What if I’m struggling to forgive, can I still have assurance?

What if I’m struggling to forgive, can I still have assurance? Answered by Jon Moffitt

 

Transcription:

Hi, this is Jon, and today on ask Theocast, I’m answering Sam’s question, and the question has to deal with forgiveness and our assurance. He asks, “If I’m struggling to forgive somebody who has hurt me or offended me, how should that be seen in regards to my standing before God or my assurance?”

Well, this is a complicated question, and it’s not as simple as some may think. Sometimes we hear it said that if you’re unwilling to forgive or if you’re struggling to forgive somebody, then you yourself have not been forgiven by God. In the context when Jesus says this, there’s a reason for what he is saying, and I don’t think we should confuse it with the struggle.

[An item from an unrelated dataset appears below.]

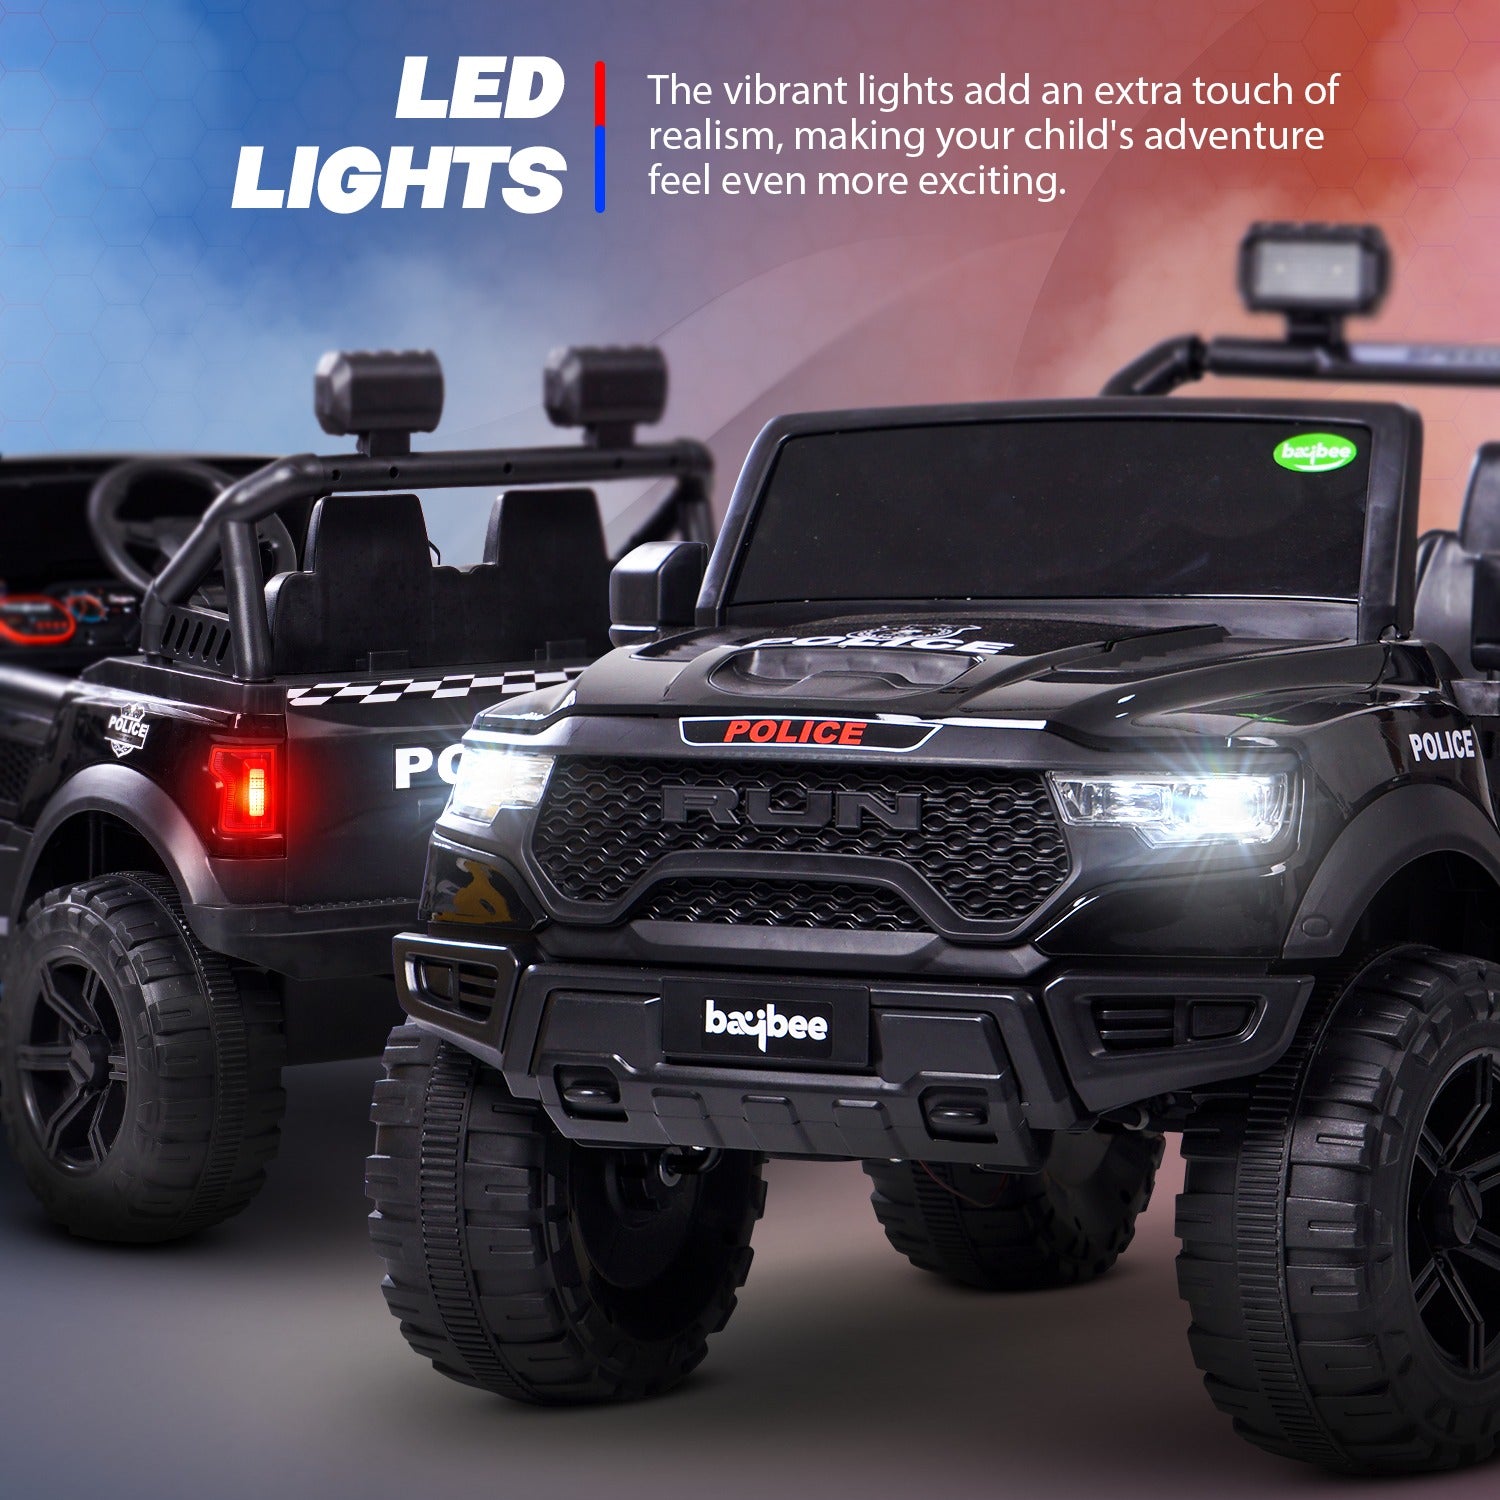 Minikin RAM 2x2 Electric Rechargeable Jeep | LED Head Lights & Music | 1-7 Years

Let’s think about this scenario for a moment. You’ve been hurt. You’ve been offended deeply, and you maybe don’t have the opportunity to find restitution where this person is asking for forgiveness, or they’re not wanting to repent and ask for forgiveness, and now you are left with the responsibility to then offer them forgiveness and not allow bitterness to swell up within you. It’s hard because the offense is so hard, deep, and caused so much pain and scarring that you struggle to move past it.

I think there’s a difference between saying, “I absolutely will never forgive this person. I will always hold it over them,” versus, “I struggle to forgive them. I have to forgive them over and over and over again because I do find myself falling back underneath that pain and scarring that was left behind, and I become bitter and angry again, and then I have to forgive them again.” That’s different, that struggle with sin. First John one, nine tells us that if we confess our sins, he is faithful and just to forgive us of our sins and to cleanse us from all unrighteousness, so that struggle with the ongoing forgiveness of this person is different from saying, “I absolutely will never forgive them for what they have done.”

Now, I think we also need to understand the difference between forgiveness and restitution. Just because you forgive somebody, it doesn’t mean that the relationship with them has to be perfectly restored back to where it was. For instance, in a marriage where there has been tremendous unfaithfulness and pain, the spouse can offer forgiveness, meaning that they will not hold the sin of the other person over them, but that doesn’t mean that the marriage can then be restored. It may be better for the marriage to not be restored in certain circumstances because it might be unsafe for the individual or it just may not be wise. Seeking pastoral council in that situation is important.

To use a job illustration, if someone was dishonest at their job or did something illegal, and the boss then offers them forgiveness, like, “Look, I forgive you, I will not hold this over you, but that doesn’t mean you can have your job back.” That would make sense, right? So we always have to understand the difference between forgiveness and restoration.

When it comes down to your relationship with the Father, I think that when you identify your struggle, understand that the lack of forgiveness is sinful, and acknowledge that you will maybe over time have flare-ups of anger and bitterness, you need to repent of those things and you need to seek the gospel. This is where the gospel frees us because no one has offended God greater than you have, and the sin that you have been forgiven of is far greater than any sin that could be committed against you. Remind yourself that what God has offered you in Jesus Christ and the sacrifice that was required, you have never made that sacrifice, nor will you ever. To offer forgiveness to someone will never require of you what God required of Jesus to offer you that sacrifice. I think that looking at the gospel and understanding the grace and mercy that’s been handed to you can free you from this struggle, and knowing that it’s okay to struggle as long as you’re recognizing that it’s sin and that you are working to look to the glory of Christ and the gospel can free you from this lack of forgiveness.

To anyone who would say, “I am absolutely unwilling to forgive,” you need to be careful there because that is not what we have been called to. Because we have received mercy, we give mercy, but that doesn’t mean it should be one-time forgiveness and it’s over and you never struggle with it again, that’s just not how Christianity works.

So my encouragement to you is to confess that sin. Seek Christ’s forgiveness. Understand that it’s offered to you. There’s no condemnation for those who are in Christ Jesus, and don’t carry that burden alone. Find other brothers and sisters who can encourage you, point you to Jesus, and help you find relief and restoration with the struggle to forgive and this pain and sorrow that you’re suffering through.